What about the long and short terms effects due to the decline of reading? Cognitively,
with the lack of in depth reading experiences with a variety of texts, students may be
intellectually stunted remaining only with a surface level understanding of ideas and
causing students to be limited in managing and applying information in their discipline of
choice. In addition, the lack of reading will also impede on crucial brain development. In
a clinical study done by Just and Keller (2009), it was found that after 100 hours of
intensive remedial reading instruction, children not only improved in their reading ability,
but also showed an increase in their brains’ white matter, unlike students within a
standard class which showed no change in brain structure at all. Moreover, it is important
to note that the brain is malleable, and is more plastic than we used to think. Current
research has shown that the brain is still capable of developing neuropathways even as it
passes through middle age. Needless to say, the college age brain is more than ready and
able to restructure, grow, and develop.

Does obtaining knowledge only by auditory means have the same benefits as obtaining
knowledge through reading? Unfortunately, I have yet to find brain development research
which reveals the differences of the benefits between these means. Researchers have
learned, however, that the brain activity which occurs while reading and the brain activity
which occurs while listening to a person speak is very similar. Again, the specifics are
unclear, and should be furthered researched if it has not been already. If the findings
shows that more brain development occurs when students acquire knowledge through
reading than when students acquire knowledge by listening to someone speak, then this
may cause teachers to reconsider their course organization. First, teachers may be more
motivated to assign reading assignments in which students will use as their primary
source to obtain information. Additionally, teachers may find it necessary to create
reading assignments which ensures that students interact with course texts at various
levels of understanding, and which will keep students from using memorization of
isolated facts and reading to only answer questions instead of reading to learn.

Although much would be gained from the findings of brain studies detailing the
differences on development, what is known already, logically and from experience, is
sufficient to push the need for more reading of various types of texts at all levels of
education. The act of reading includes analyzing information, making connections among
ideas from whole texts, between texts, and our own background knowledge. It involves
drawing conclusions and generalizations, evaluating and questioning. It provides a setting
to grapple, argue, reason, interpret, and synthesize. Reading causes students to think.

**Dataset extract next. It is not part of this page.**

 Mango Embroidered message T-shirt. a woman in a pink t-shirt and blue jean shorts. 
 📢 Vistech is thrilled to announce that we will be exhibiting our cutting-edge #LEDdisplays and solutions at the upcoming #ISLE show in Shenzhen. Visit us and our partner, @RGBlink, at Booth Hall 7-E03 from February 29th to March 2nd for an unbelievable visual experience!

Thinking develops and strengthens brain cells just as exercising develops and strengthens
muscles. And just as exercising is at times uncomfortable and may even cause some
pain, reading at the college level can be laborious to the reluctant and unprepared reader.
Educators like coaches towards their athletes, need to care and, more so, trust their
students enough and help them by giving them the challenge to experience the struggle to
gain the growth. Students like athletes need to welcome the challenge, embrace the
struggle and appreciate both for the growth they will bring. For the struggling reader,
opportunely, college can be a second chance, providing the appropriate setting and be just
the time and place for this development to occur.